== What is being asked ==
Check every line of the material below for the string "circa", and return the ones that have it.

(Data to use begins)

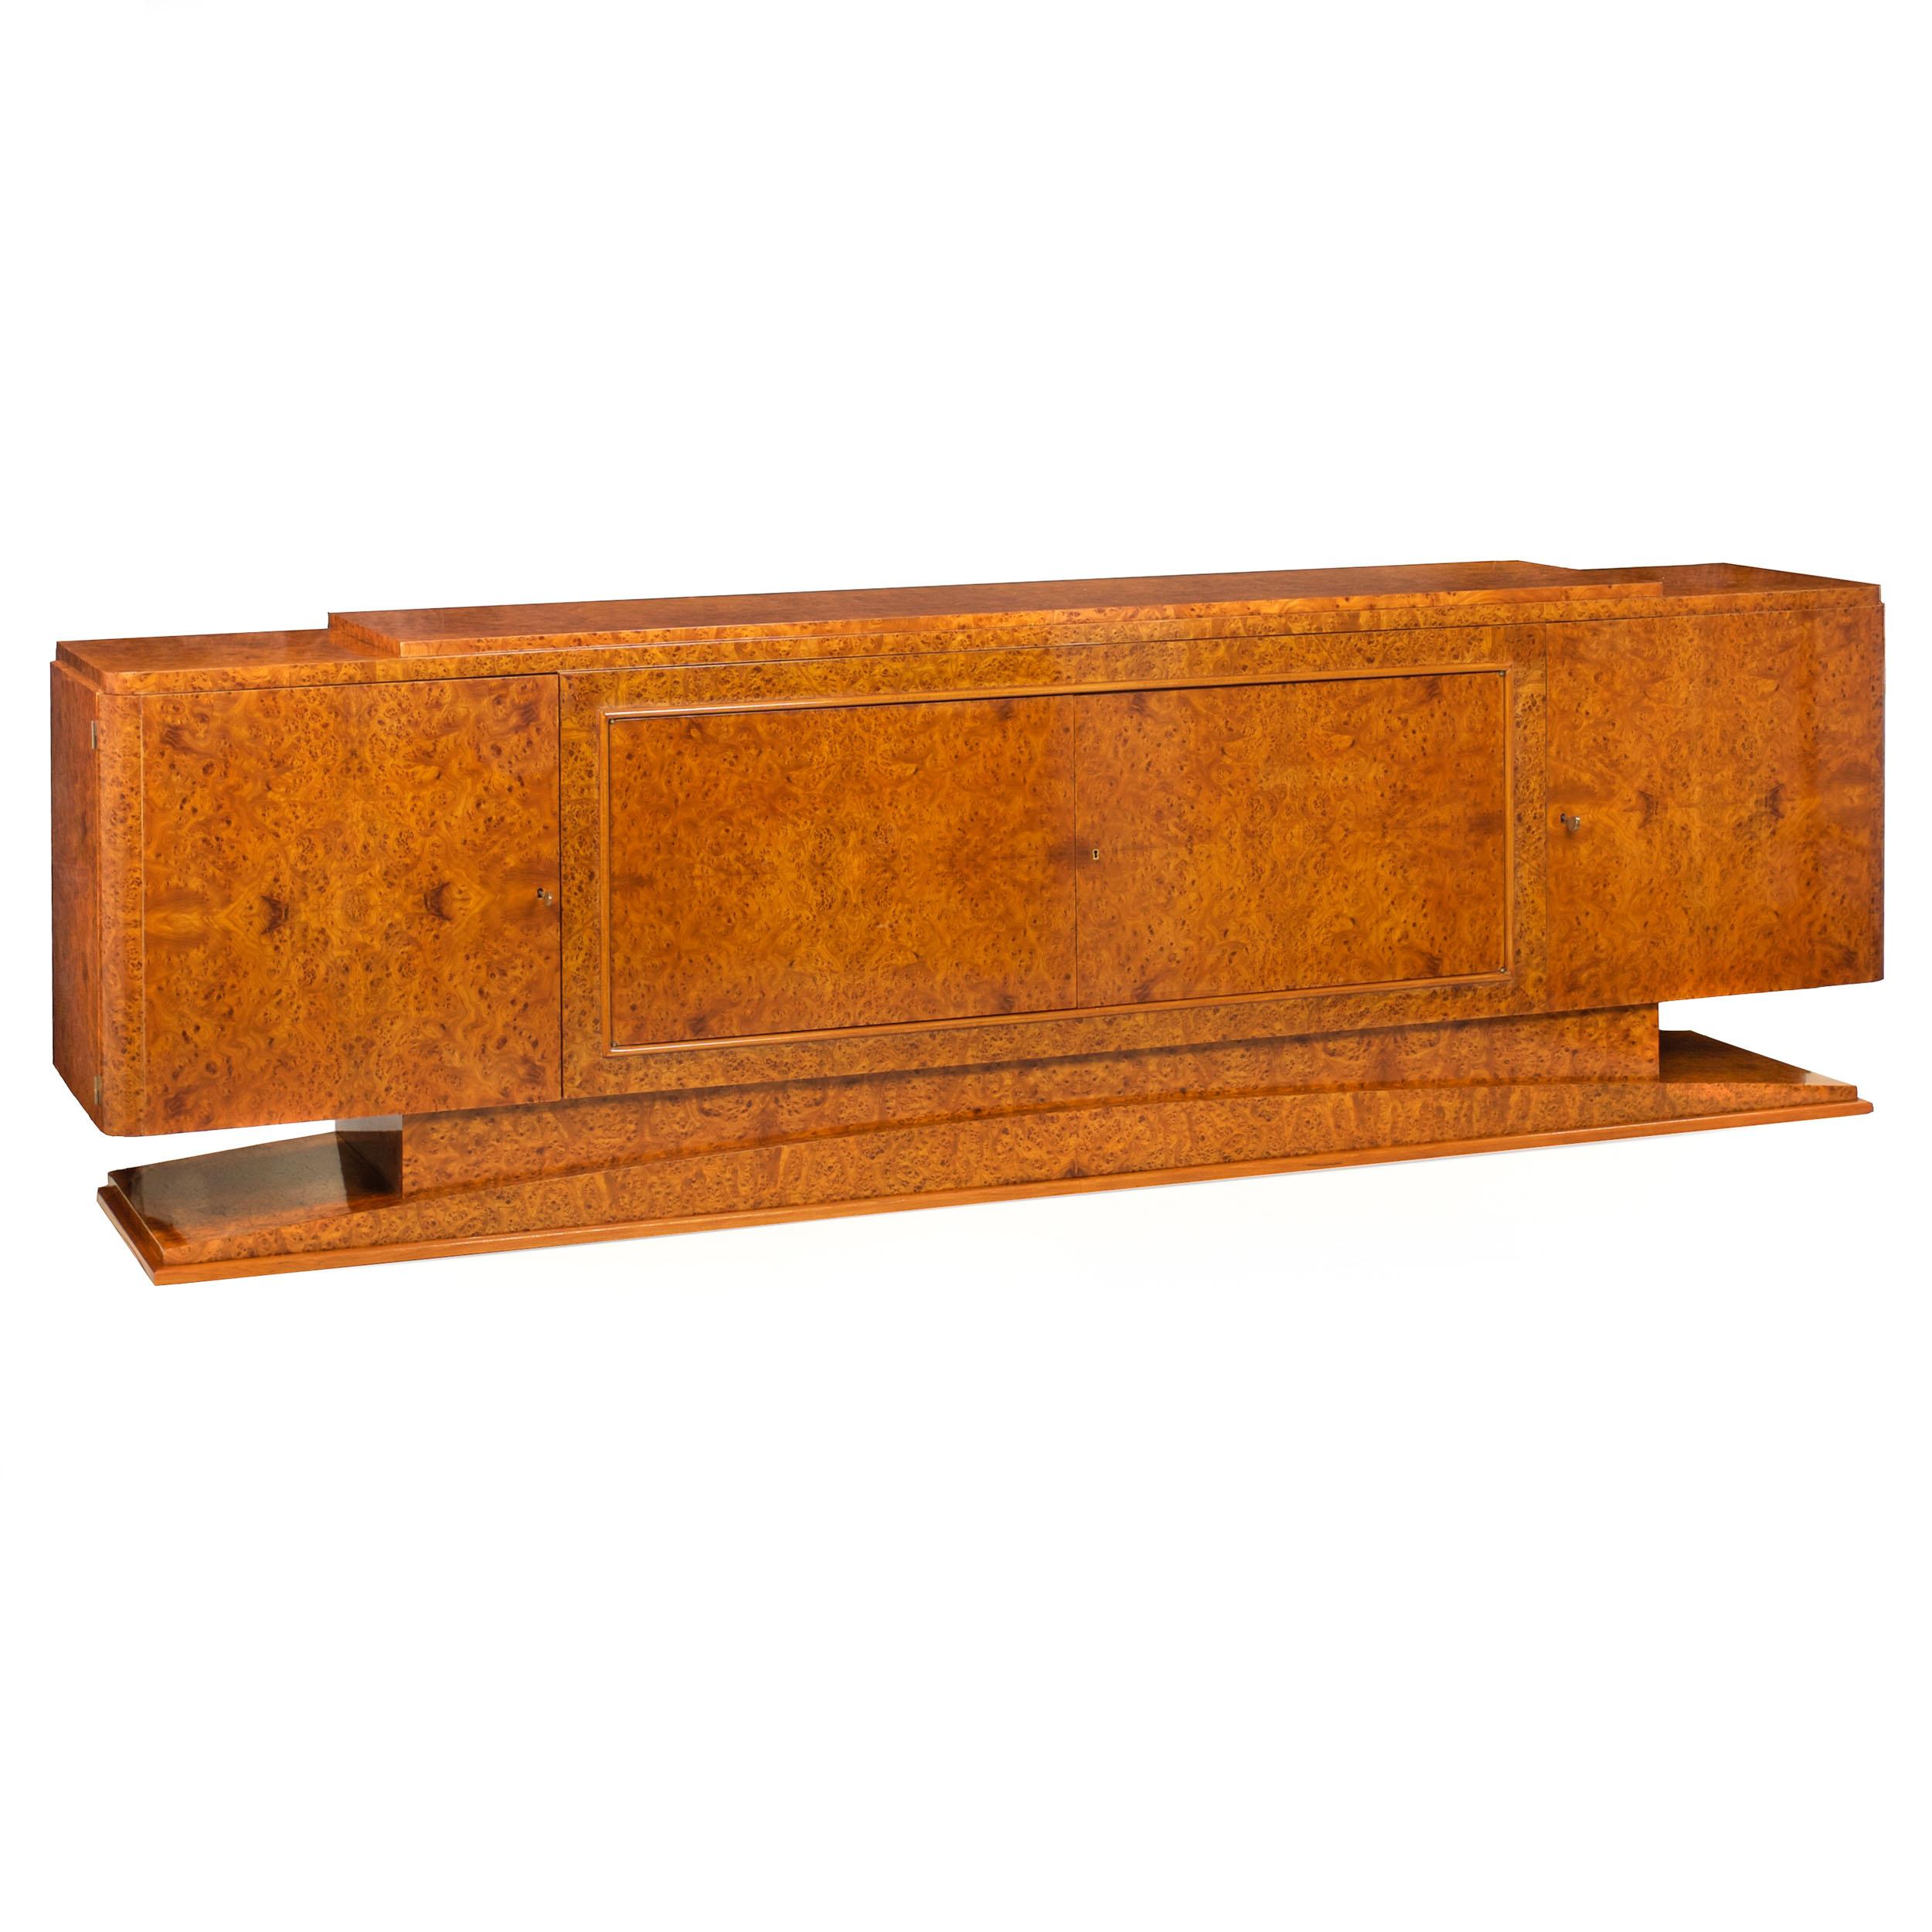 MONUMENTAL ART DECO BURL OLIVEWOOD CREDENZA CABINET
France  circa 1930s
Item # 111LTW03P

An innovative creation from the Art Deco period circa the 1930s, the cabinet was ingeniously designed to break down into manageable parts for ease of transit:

(Data to use ends)
(Data to use begins)

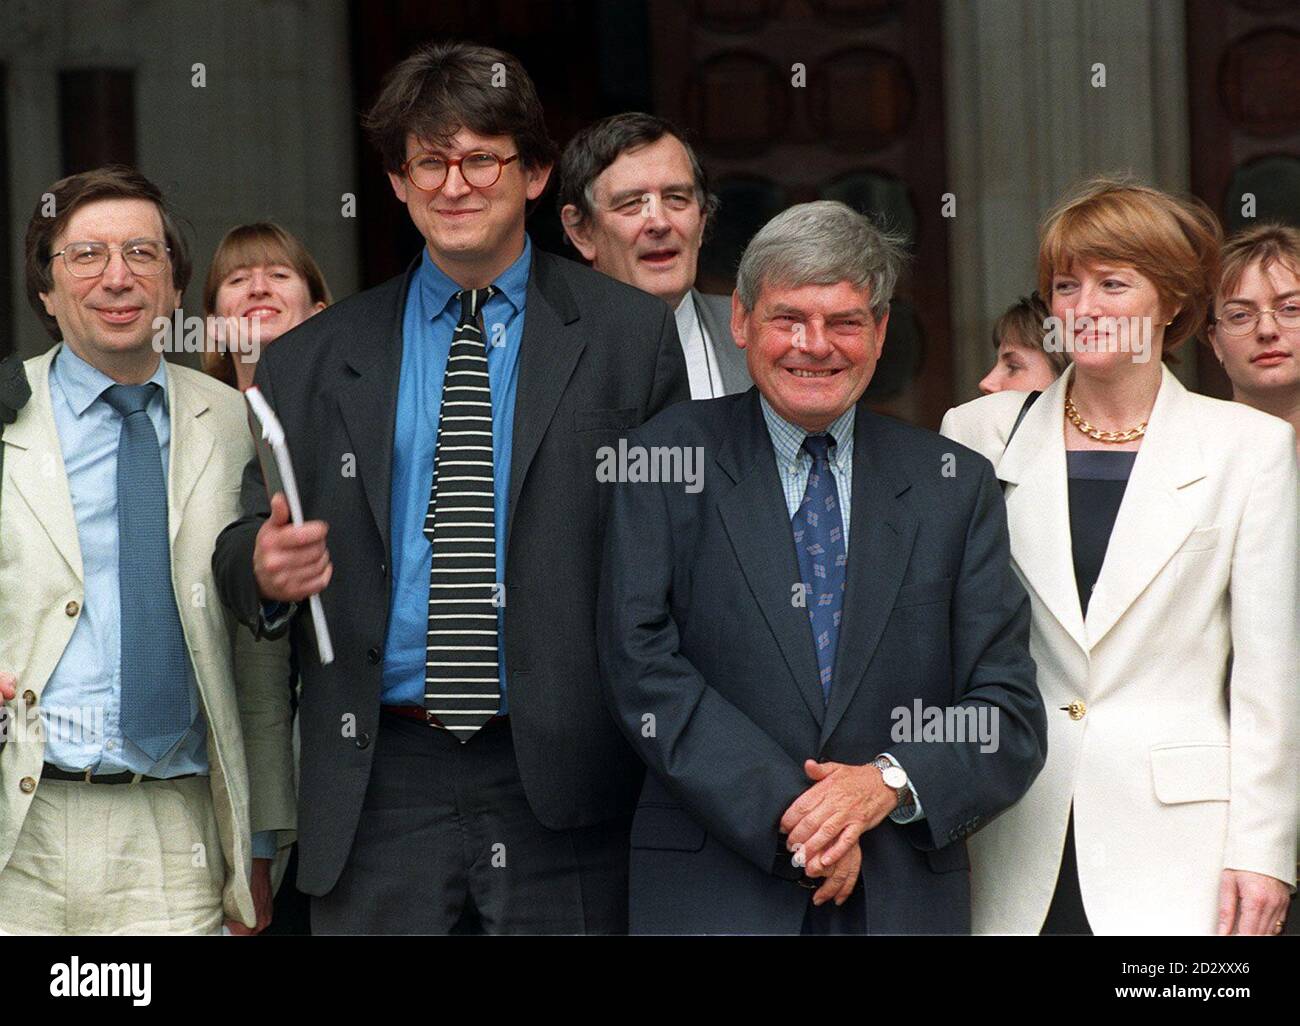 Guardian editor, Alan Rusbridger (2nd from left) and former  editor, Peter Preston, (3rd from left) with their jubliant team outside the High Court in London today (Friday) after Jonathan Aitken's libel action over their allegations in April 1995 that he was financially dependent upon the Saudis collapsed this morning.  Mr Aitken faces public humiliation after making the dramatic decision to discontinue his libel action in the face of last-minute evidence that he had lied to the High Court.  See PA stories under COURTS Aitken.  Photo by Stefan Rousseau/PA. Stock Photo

(Data to use ends)

== Output below ==
France  circa 1930s
An innovative creation from the Art Deco period circa the 1930s, the cabinet was ingeniously designed to break down into manageable parts for ease of transit:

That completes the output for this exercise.